A crítica que Piny faz à ideia de inclusão como um gesto condescendente é um dos pontos mais marcantes da conversa. Para ela, a inclusão parte de um lugar de hierarquia e, por isso, não é suficiente. “A ideia de inclusão parte de um lugar de hierarquia. O que precisamos é pertencer, estar”, afirma. Este conceito de pertença implica que os espaços sejam desenhados para acolher todas as pessoas de forma natural, sem que estas se sintam atração ou exceção. “Os códigos da rua também são conhecimento. Reconhecê-lo é valorizar os saberes informais e comunitários, reconhecendo a riqueza da oralidade e da experiência vivida”, explica.


Piny entrevista

📷: BANTUMEN/ Nuno Silva

O seu trabalho não se limita às fronteiras de Portugal. A sua conexão com a ancestralidade africana é uma parte essencial da sua prática artística e da sua visão para o futuro. Apesar de ter visitado Angola apenas uma vez, sente que a sua ligação com o continente é espiritual e cultural. “As danças que pratico têm histórias profundas, ligadas à resistência e à luta dos nossos ancestrais”, explica. Esta conexão é evidente na forma como Piny aborda a dança, não apenas como uma expressão artística, mas como uma ferramenta de resistência e transformação social.

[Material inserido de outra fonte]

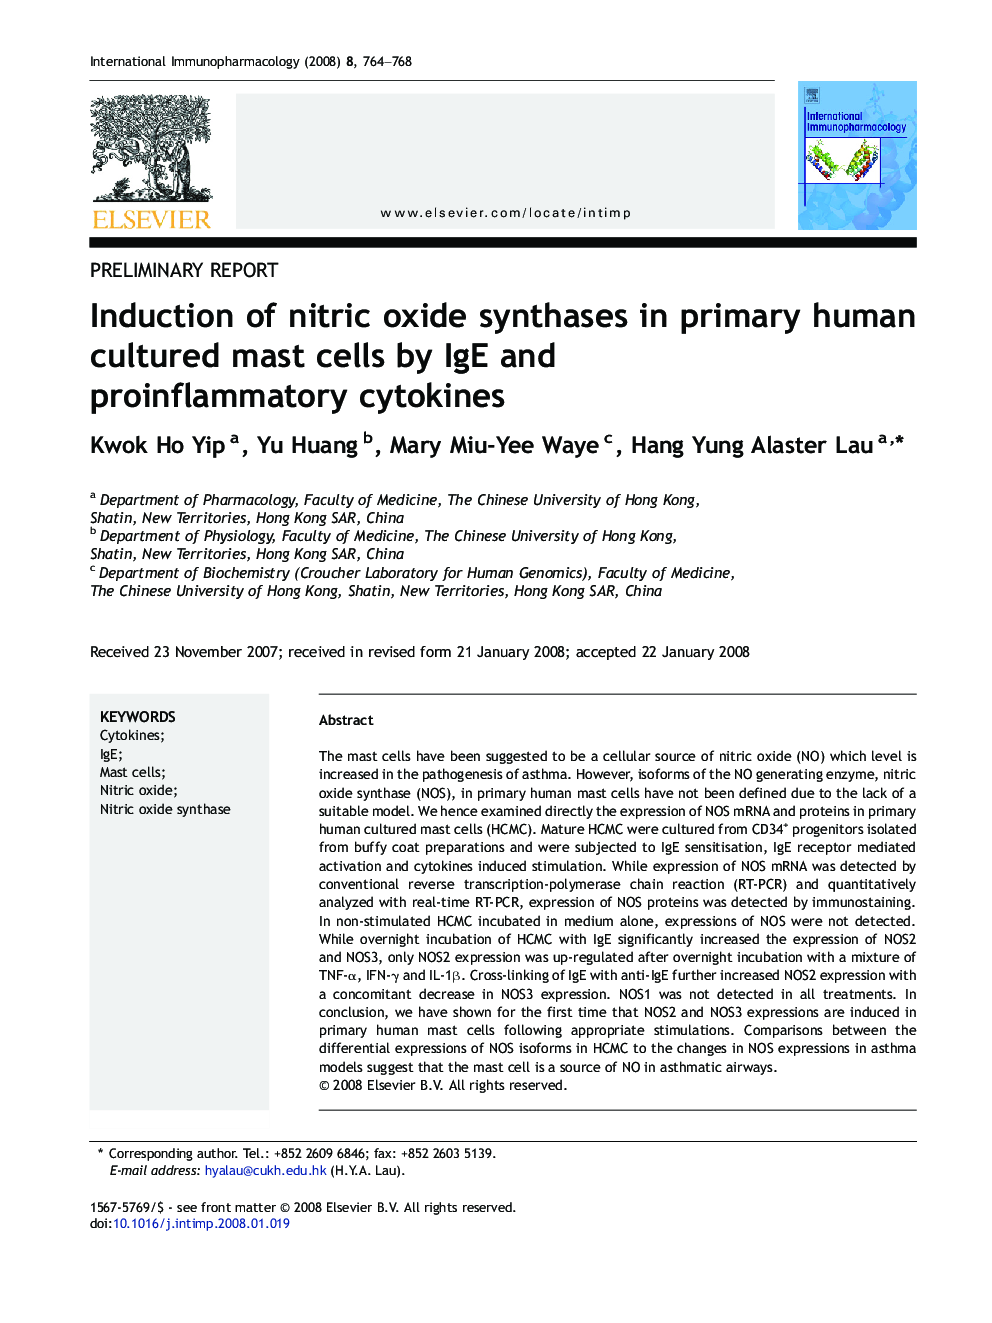 Induction of nitric oxide synthases in primary human cultured mast cells by IgE and proinflammatory cytokines

A presença de Piny em projetos como o Laboratório da Imaginação e em exposições como “Dança Não Dança” - patente na Fundação Calouste Gulbenkian entre 15 de novembro de 2024 e 13 de janeiro de 2025 - demonstra o seu compromisso em criar espaço para outras narrativas. Na exposição, por exemplo, foi possível ver representações de danças de rua, como o kuduro, lado a lado com estilos mais institucionalizados. “Ver um museu reconhecer a história das danças de rua e integrá-las num espaço tradicionalmente reservado à dança académica é um passo gigante”, celebra a artista. No entanto, sabe que há ainda muito por fazer. A sua luta é por um futuro onde todas as formas de conhecimento, sejam elas académicas ou comunitárias, sejam igualmente valorizadas. “Precisamos de descolonizar os espaços institucionais, desde a educação até à cultura, integrando códigos e linguagens que reflitam a diversidade das culturas urbanas”, conclui.


Piny é um exemplo de como a arte pode ser uma ferramenta poderosa para questionar, resistir e transformar e o seu trabalho inspira não apenas os seus contemporâneos, mas também as gerações futuras, mostrando que é possível construir um mundo onde todos os corpos, vozes e histórias tenham o seu lugar.